Wow, very clear, thanks for your sharing, good job! @psmolak

@wattlebird The main observation here is that explicitly written keys inside type = { ... } are literal types, whereas index signature keys are string | number | symbol. All we need to do now is differentiate between keys that are literal types or supertypes thereof. Notice that 'Hello World' extends string but string extends 'Hello World' is not the case.

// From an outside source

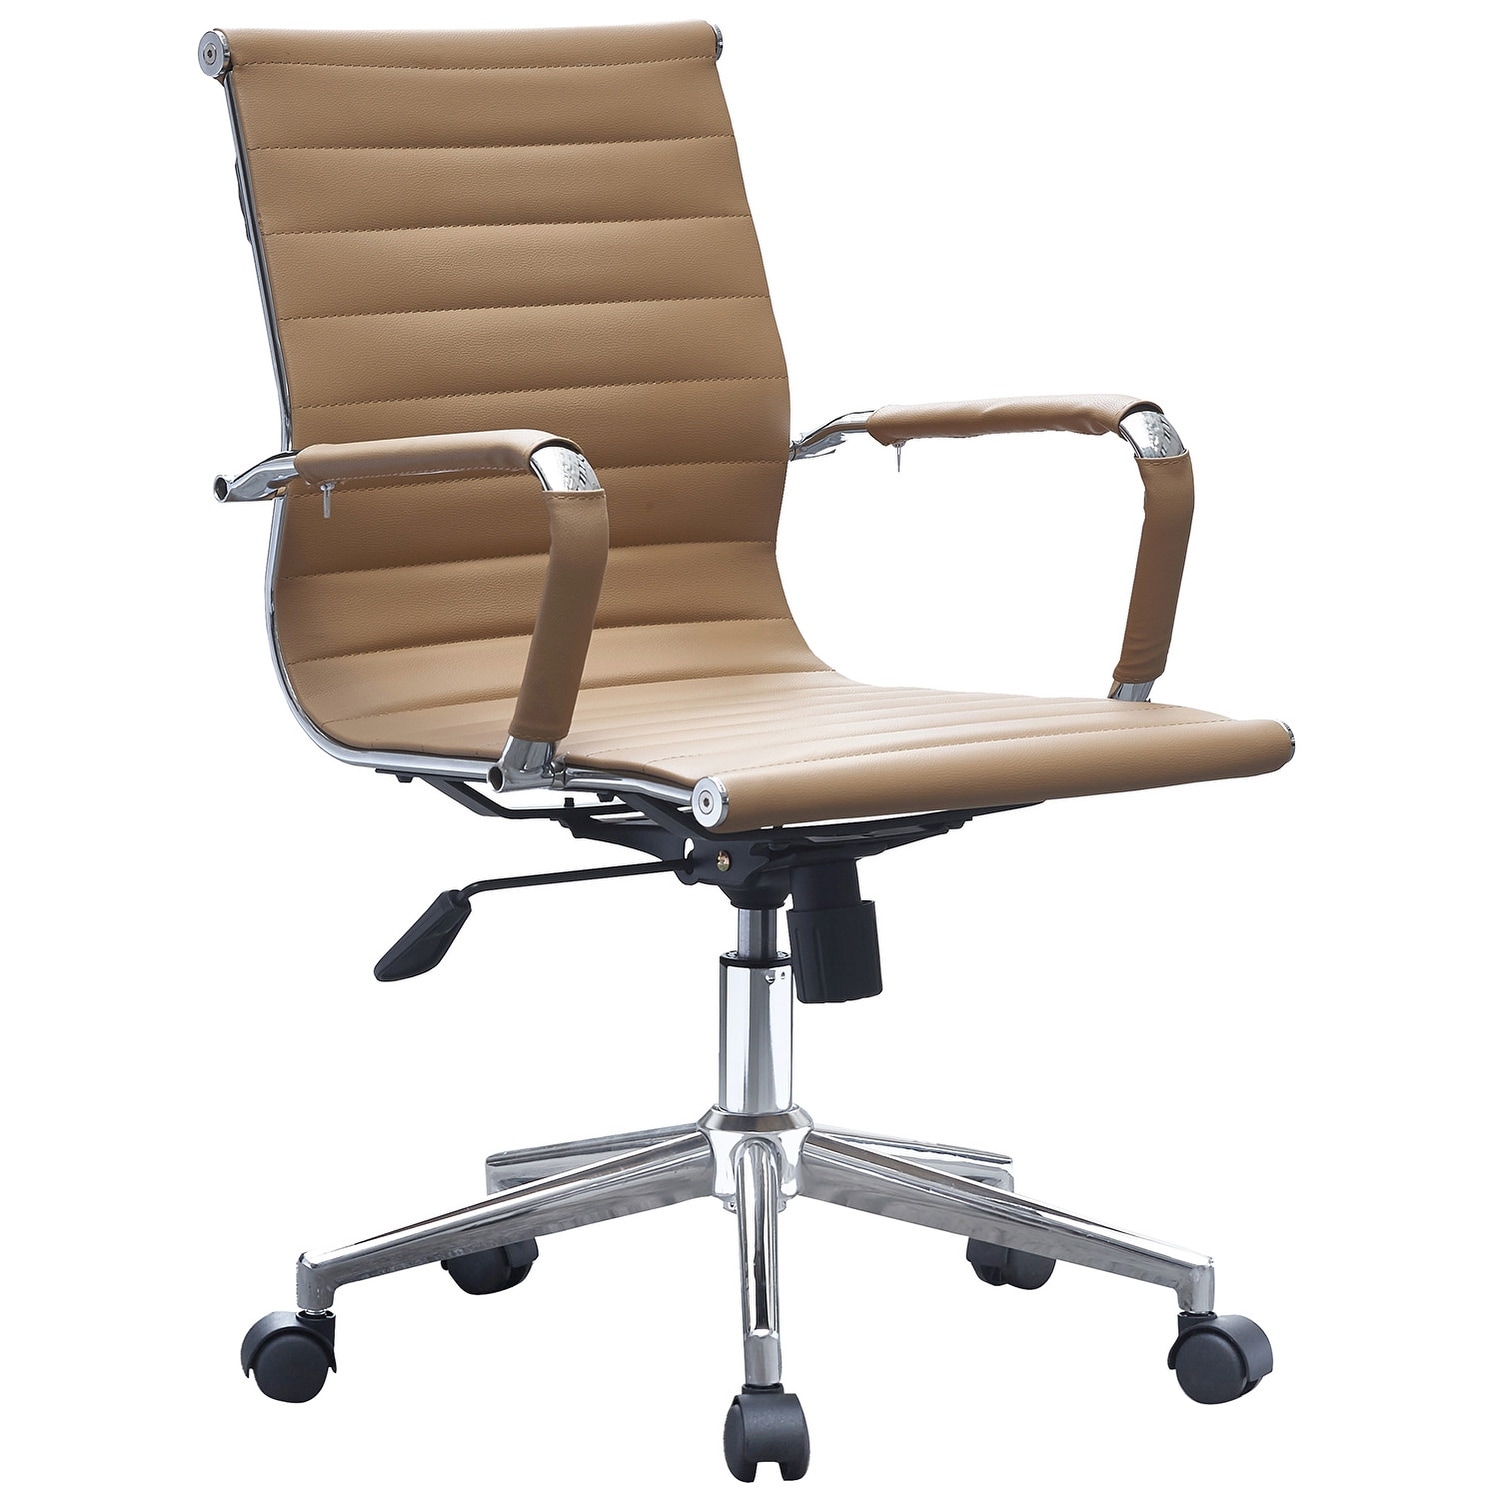 https://ak1.ostkcdn.com/images/products/is/images/direct/3b340e4d5bca51e7c6127c3be426f0bb44b4f998/Office-Chair-Mid-Back-Tan-Ergonomic-Adjustable-Height-Swivel-With-Padded-Arms-Wheels-Work-Executive-Task.jpg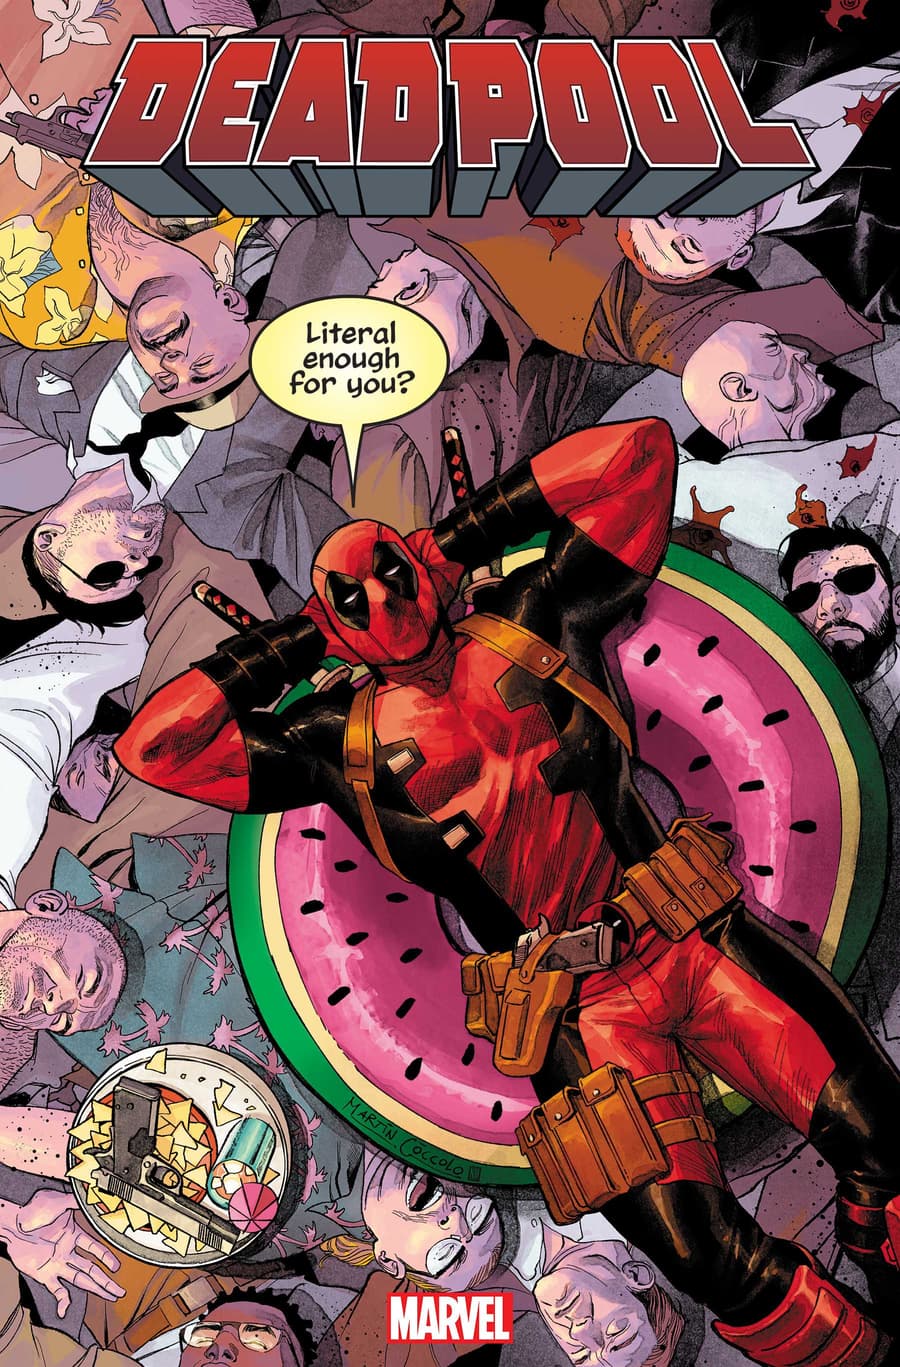 Marvel's Merc with the Mouth Is Back in Business in 'Deadpool' #1 ...

The more verbose solution would be:

ts
type RemoveIndexSignature<T> = {
  [K in keyof T as /* filters out all 'string' keys */
  string extends K
    ? never
    : /* filters out all 'number' keys */
    number extends K
    ? never
    : /* filers out all 'symbol' keys */
    symbol extends K
    ? never
    : K /* all that's left are literal type keys */]: T[K];
};

the above could be shortened into the following, yielding @alexfung888's solution:

ts
type RemoveIndexSignature<T, P = PropertyKey> = {
  [K in keyof T as P extends K ? never : K extends P ? K : never]: T[K];
};

the main trick here is to distribute over PropertyKey by storing it in a generic variable P = PropertyKey since extends distributes over only naked types, P extends PropertyKey wouldn't work. I.e:

ts
P extends K ? never : (K extends P ? K : never)  /* P = string | number | symbol */

// becomes
(string | number | symbol) extends K ? never : (K extends P ? K : never)

// becomes
| string extends K ? never : (K extends string ? K : never)
| number extends K ? never : (K extends number ? K : never)
| symbol extends K ? never : (K extends symbol ? K : never)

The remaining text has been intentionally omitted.